Unnamed: 0,State FIPS Code,County FIPS Code,5-digit FIPS Code,State Abbreviation,Name,Premature Death raw value,Poor or Fair Health raw value,Poor Physical Health Days raw value,Poor Mental Health Days raw value,Low Birthweight raw value,...,% Native Hawaiian or Other Pacific Islander raw value,% Hispanic raw value,% Non-Hispanic White raw value,% Not Proficient in English raw value,% Female raw value,% Rural raw value,DONALD J TRUMP,JO JORGENSEN,JOSEPH R BIDEN JR,OTHER
2.0,1.0,1.0,1001.0,AL,Autauga County,8027.394727,0.169,3.432211,4.797351,0.097382,...,0.001185,0.033268,0.724545,0.002312,0.513783,0.420022,0.714368,0.0,0.270184,0.015448
3.0,1.0,3.0,1003.0,AL,Baldwin County,8118.358206,0.149,3.276177,4.75375,0.083857,...,0.000685,0.048417,0.831488,0.007597,0.513477,0.422791,0.761714,0.0,0.22409,0.014196
4.0,1.0,5.0,1005.0,AL,Barbour County,12876.760319,0.275,4.605432,4.954855,0.119147,...,0.002323,0.049591,0.453052,0.013827,0.467033,0.677896,0.534512,0.0,0.457882,0.007606
5.0,1.0,7.0,1007.0,AL,Bibb County,11191.474323,0.216,4.012182,5.364779,0.100331,...,0.00129,0.030876,0.735641,0.004431,0.460159,0.683526,0.784263,0.0,0.206983,0.008755
6.0,1.0,9.0,1009.0,AL,Blount County,10787.014541,0.184,3.866048,5.37758,0.078599,...,0.001236,0.098677,0.863298,0.017269,0.501922,0.899515,0.895716,0.0,0.095694,0.008591


### Assignment

Your job is to use a neural net to build the best predictor of the 2020 election you can.  You should follow the following steps:

- Identify NaNs, and decide what to do with them,
- Split the data into training and testing sets,
- Split off the targets from the training data,
- Construct a neural net with four logit outputs and cross entropy loss to predict the percentage vote for each candidate,
- Use testing error to find the best version of your network.
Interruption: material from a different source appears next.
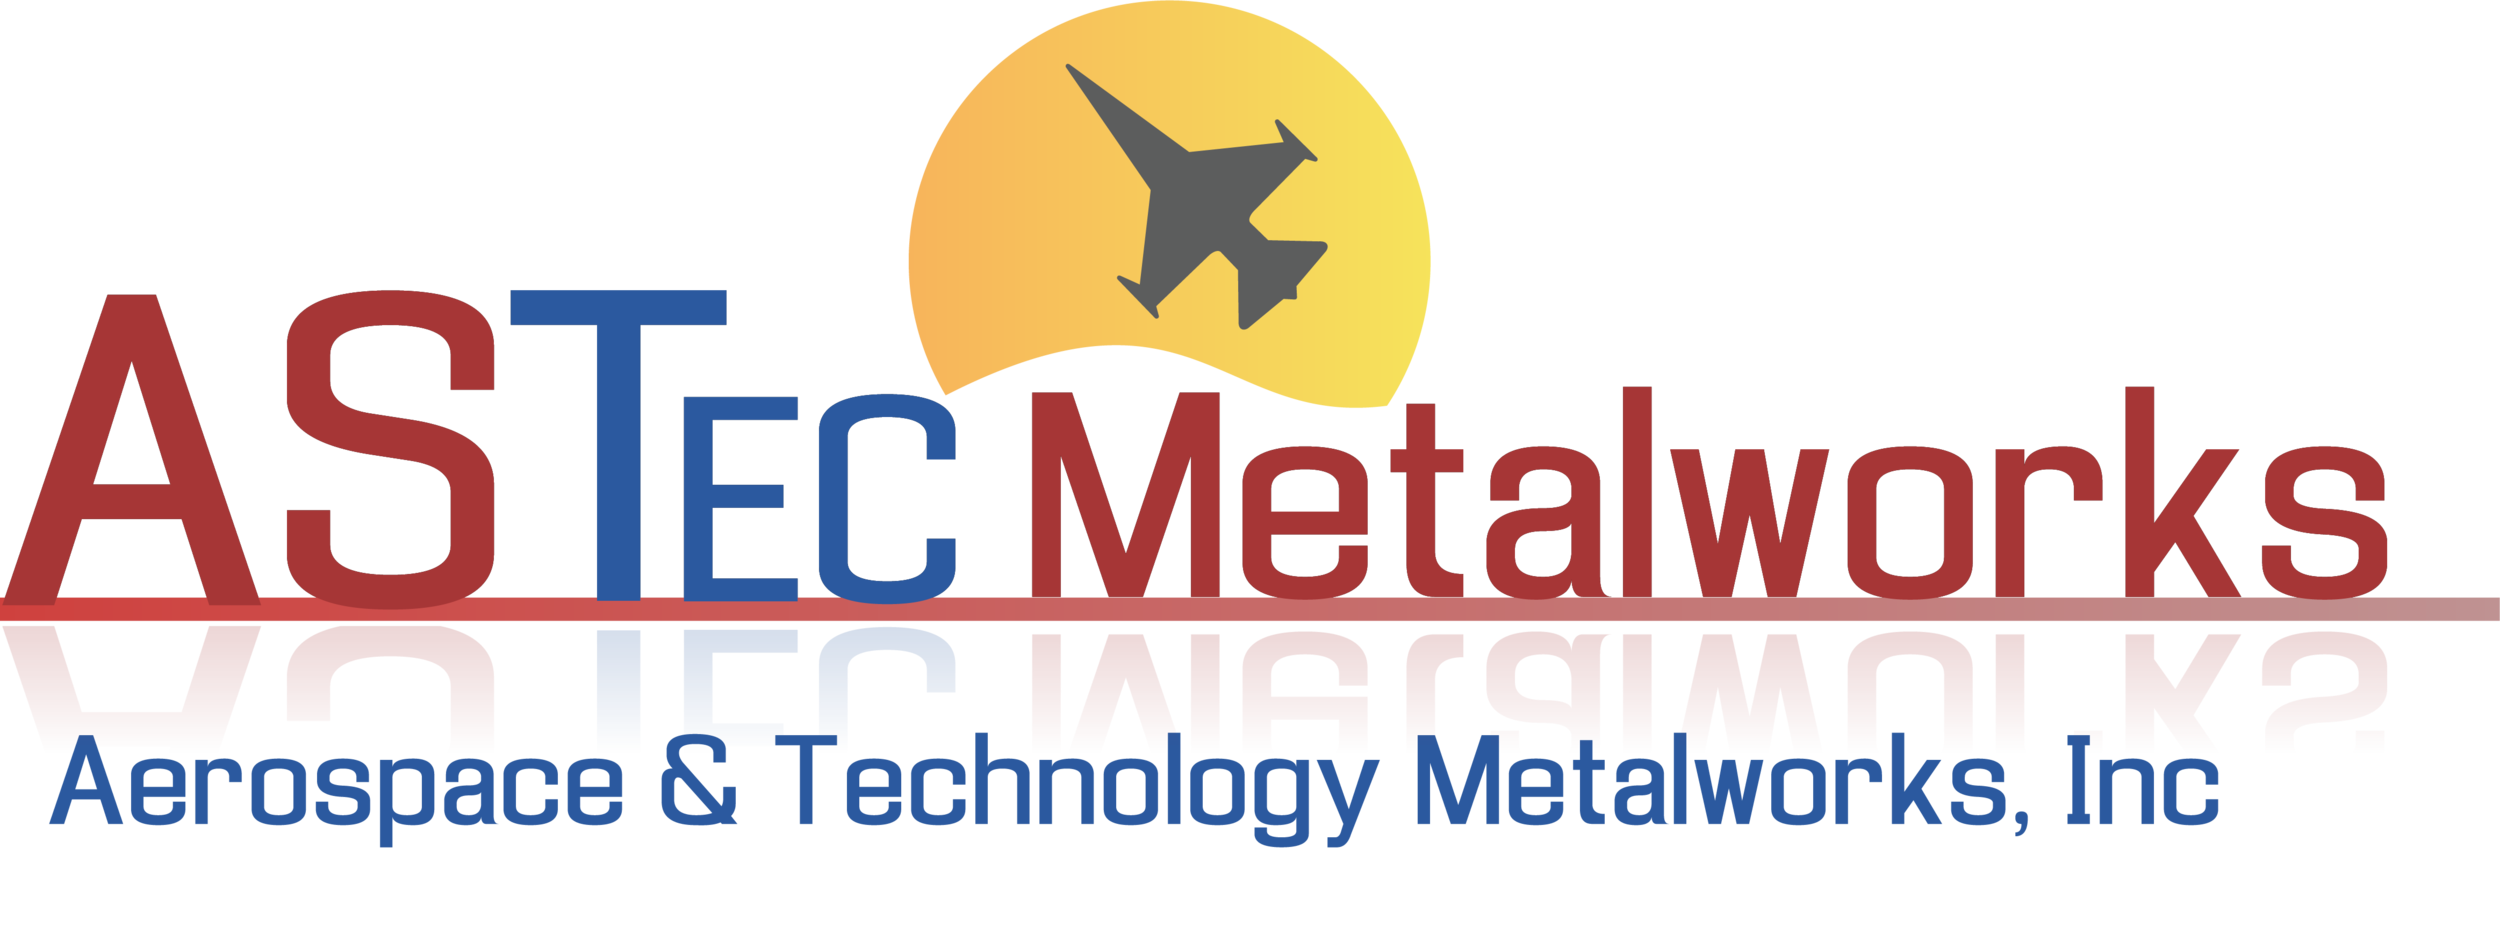 astech-logo-transs.png

This will get you up to a 90%.  For the final 10%, perform an *ablation test*, in which you remove inputs, and observe if and by how much worse your predictor becomes.  A steep drop in accuracy upon the removal of an input would suggest it is very important in making this prediction.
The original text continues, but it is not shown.